Because of the fact that you can re-arrange a resistor and voltage source in parallel to a current source and resistor in series, I'm a little confused.

Any help much appreciated.

That's one of the reasons I use KCL to solve circuits. I never liked KVL...
 
Gear, would you treat the current source as a separate voltage source altogether or combine it with the surrounding resistor and use it in the equation V=IR?
 
A current source does not project a voltage difference, just a current. You cannot replace it with a voltage source unless you re-imagine the circuit as a Thevenin equivalent circuit. Use the KCL rule for the branches that have current sources as the current source forces the current in that branch.
 
dphysics said:
Pretending that it is an ideal current source, there will be no resistance and thus no voltage drop.
This will get you the wrong answer almost every time. Current sources typically have very high impedance. The current source supplies whatever voltage is required in order to maintain the set current.

dphysics said:
When you are using Kirchhoff's voltage law and you come across a current source, what are you supposed to include that as?
Include it as what it is, an unknown voltage that you have to solve for. In such a problem you have one more unknown (the voltage across the current source) and one more equation (the sum of the loop currents through the current source equals the set current). You still have enough equations to solve for all of your unknowns.

berkeman said:
That's one of the reasons I use KCL to solve circuits. I never liked KVL...
I agree!
 
Born2bwire said:
A current source does not project a voltage difference, just a current. You cannot replace it with a voltage source unless you re-imagine the circuit as a Thevenin equivalent circuit.

Wouldn't there be a voltage difference to induce the current source?
 
Gear300 said:
Wouldn't there be a voltage difference to induce the current source?

Not exactly, as DaleSpam stated, the sourced current would create a voltage offset through the source's load. It does not apply a voltage difference, it applies a current source, the resulting voltage difference is dependent upon the load on the current source.
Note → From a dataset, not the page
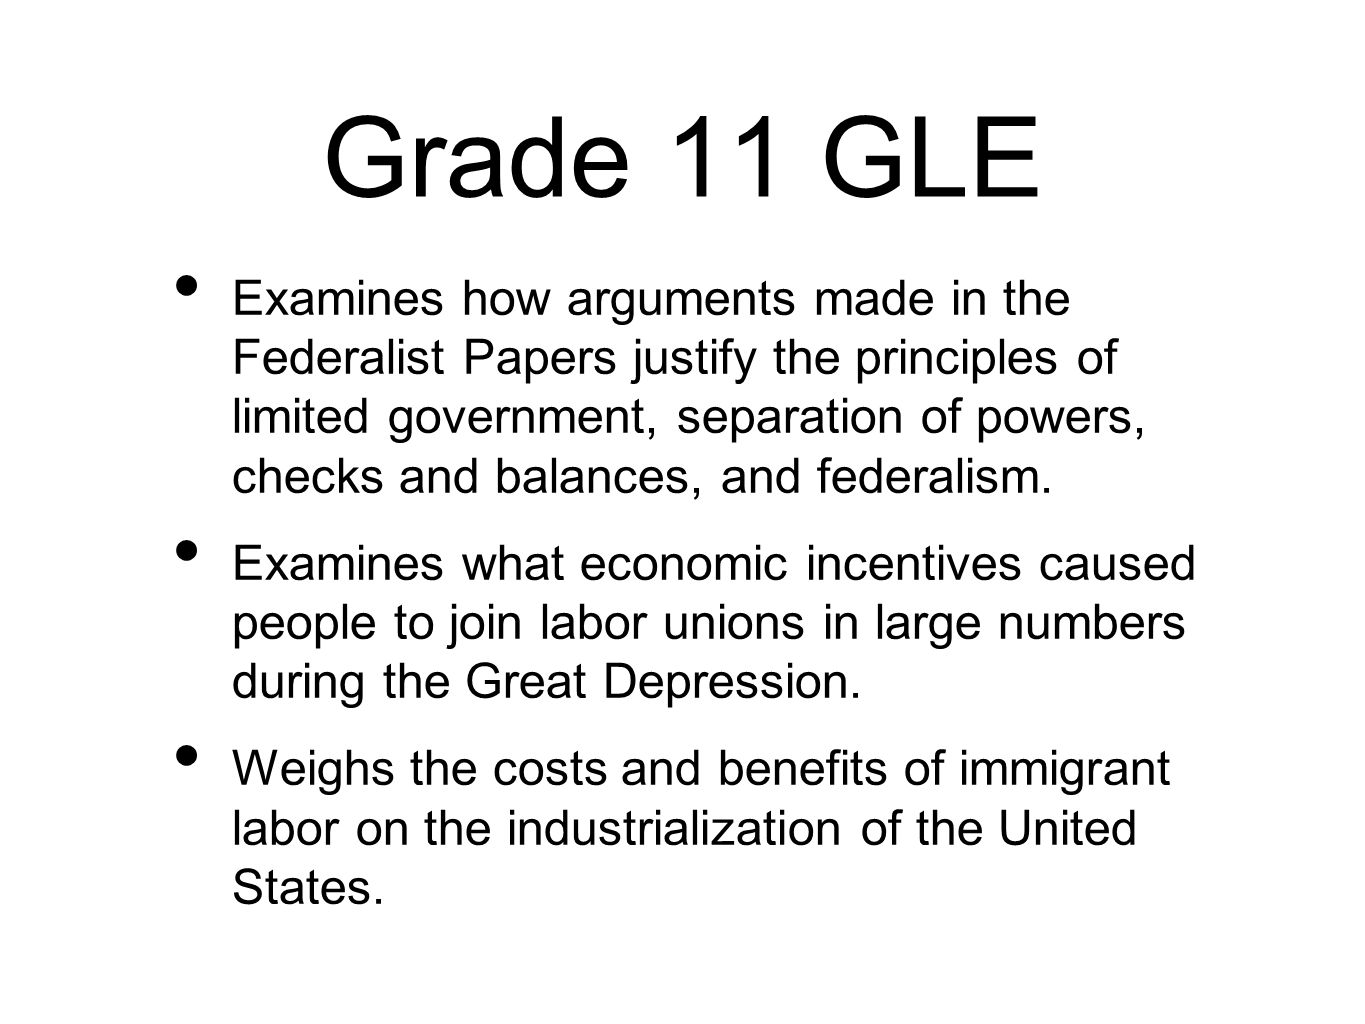 Grade 11 GLE Examines how arguments made in the Federalist Papers justify the principles of limited government, separation of powers, checks and balances, and federalism.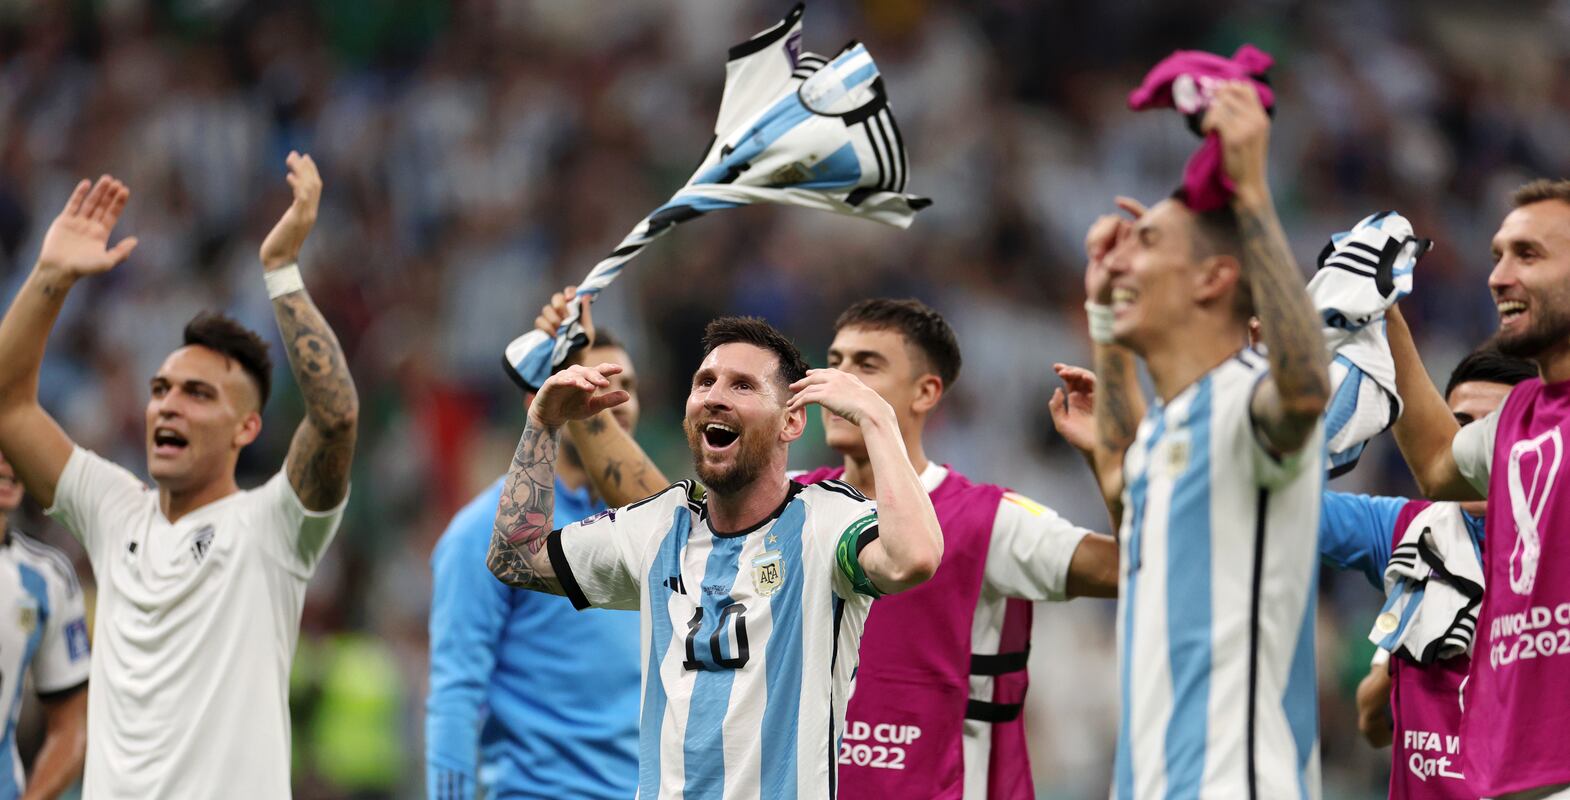 LUSAIL CITY, QATAR - NOVEMBER 26: Lionel Messi and Argentina applaud fans after the 2-0 victory in the FIFA World Cup Qatar 2022 Group C match between Argentina and Mexico at Lusail Stadium on November 26, 2022 in Lusail City, Qatar. (Photo by Dean Mouhtaropoulos / Getty Images)

Take a look at a MOSFET current mirror. The voltage across the sourcing transistor in a current mirror is not created (in the ideal case) by the transistor but entirely by the load connected to the mirror. In fact, with a current mirror, your load needs to create a sufficient voltage drop to force the sourcing transistor into saturation for the mirror to work properly. Actually, the current mirror itself is a Norton source, with a large but finite Norton resistance due to what is called channel length modulation. Ideally, the Norton resistance would be infinite, in which case the current mirror would not have any voltage drop associated across it (since the resistance branch would become an open circuit).

A simpler example is the Thevenin and Norton circuits. You can see that in the Norton circuit, the parallel load resistance creates the voltage drop.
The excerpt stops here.